Problem requirements: Retype every record that appears below, unchanged.

(Study material begins)

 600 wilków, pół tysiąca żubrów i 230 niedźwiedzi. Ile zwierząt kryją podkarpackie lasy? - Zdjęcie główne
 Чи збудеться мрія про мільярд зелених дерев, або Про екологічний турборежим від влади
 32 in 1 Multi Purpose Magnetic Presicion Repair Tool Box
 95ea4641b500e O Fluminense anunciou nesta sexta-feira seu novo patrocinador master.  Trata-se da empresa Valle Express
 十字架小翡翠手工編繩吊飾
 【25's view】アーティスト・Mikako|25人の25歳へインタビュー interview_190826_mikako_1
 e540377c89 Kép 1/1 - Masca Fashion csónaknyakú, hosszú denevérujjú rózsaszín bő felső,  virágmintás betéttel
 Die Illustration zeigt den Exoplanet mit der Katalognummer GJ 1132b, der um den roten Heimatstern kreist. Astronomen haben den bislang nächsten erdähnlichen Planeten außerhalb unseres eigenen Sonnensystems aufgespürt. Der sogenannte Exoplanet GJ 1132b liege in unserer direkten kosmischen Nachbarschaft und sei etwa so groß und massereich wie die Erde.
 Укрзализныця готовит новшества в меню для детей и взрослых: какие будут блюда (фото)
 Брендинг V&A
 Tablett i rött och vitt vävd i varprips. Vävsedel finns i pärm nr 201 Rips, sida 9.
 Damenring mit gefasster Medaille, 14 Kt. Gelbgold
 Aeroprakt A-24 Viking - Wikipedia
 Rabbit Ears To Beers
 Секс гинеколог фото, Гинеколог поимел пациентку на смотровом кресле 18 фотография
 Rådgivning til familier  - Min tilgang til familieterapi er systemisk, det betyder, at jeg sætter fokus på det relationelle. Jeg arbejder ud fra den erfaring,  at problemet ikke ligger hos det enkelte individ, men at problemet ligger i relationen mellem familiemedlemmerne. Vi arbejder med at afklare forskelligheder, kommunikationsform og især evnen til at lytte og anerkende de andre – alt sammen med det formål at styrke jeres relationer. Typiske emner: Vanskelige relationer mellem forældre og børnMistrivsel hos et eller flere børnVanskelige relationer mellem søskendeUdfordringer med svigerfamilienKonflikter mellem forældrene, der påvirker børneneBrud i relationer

(Study material ends)

Exercise result:
 600 wilków, pół tysiąca żubrów i 230 niedźwiedzi. Ile zwierząt kryją podkarpackie lasy? - Zdjęcie główne
 Чи збудеться мрія про мільярд зелених дерев, або Про екологічний турборежим від влади
 32 in 1 Multi Purpose Magnetic Presicion Repair Tool Box
 95ea4641b500e O Fluminense anunciou nesta sexta-feira seu novo patrocinador master.  Trata-se da empresa Valle Express
 十字架小翡翠手工編繩吊飾
 【25's view】アーティスト・Mikako|25人の25歳へインタビュー interview_190826_mikako_1
 e540377c89 Kép 1/1 - Masca Fashion csónaknyakú, hosszú denevérujjú rózsaszín bő felső,  virágmintás betéttel
 Die Illustration zeigt den Exoplanet mit der Katalognummer GJ 1132b, der um den roten Heimatstern kreist. Astronomen haben den bislang nächsten erdähnlichen Planeten außerhalb unseres eigenen Sonnensystems aufgespürt. Der sogenannte Exoplanet GJ 1132b liege in unserer direkten kosmischen Nachbarschaft und sei etwa so groß und massereich wie die Erde.
 Укрзализныця готовит новшества в меню для детей и взрослых: какие будут блюда (фото)
 Брендинг V&A
 Tablett i rött och vitt vävd i varprips. Vävsedel finns i pärm nr 201 Rips, sida 9.
 Damenring mit gefasster Medaille, 14 Kt. Gelbgold
 Aeroprakt A-24 Viking - Wikipedia
 Rabbit Ears To Beers
 Секс гинеколог фото, Гинеколог поимел пациентку на смотровом кресле 18 фотография
 Rådgivning til familier  - Min tilgang til familieterapi er systemisk, det betyder, at jeg sætter fokus på det relationelle. Jeg arbejder ud fra den erfaring,  at problemet ikke ligger hos det enkelte individ, men at problemet ligger i relationen mellem familiemedlemmerne. Vi arbejder med at afklare forskelligheder, kommunikationsform og især evnen til at lytte og anerkende de andre – alt sammen med det formål at styrke jeres relationer. Typiske emner: Vanskelige relationer mellem forældre og børnMistrivsel hos et eller flere børnVanskelige relationer mellem søskendeUdfordringer med svigerfamilienKonflikter mellem forældrene, der påvirker børneneBrud i relationer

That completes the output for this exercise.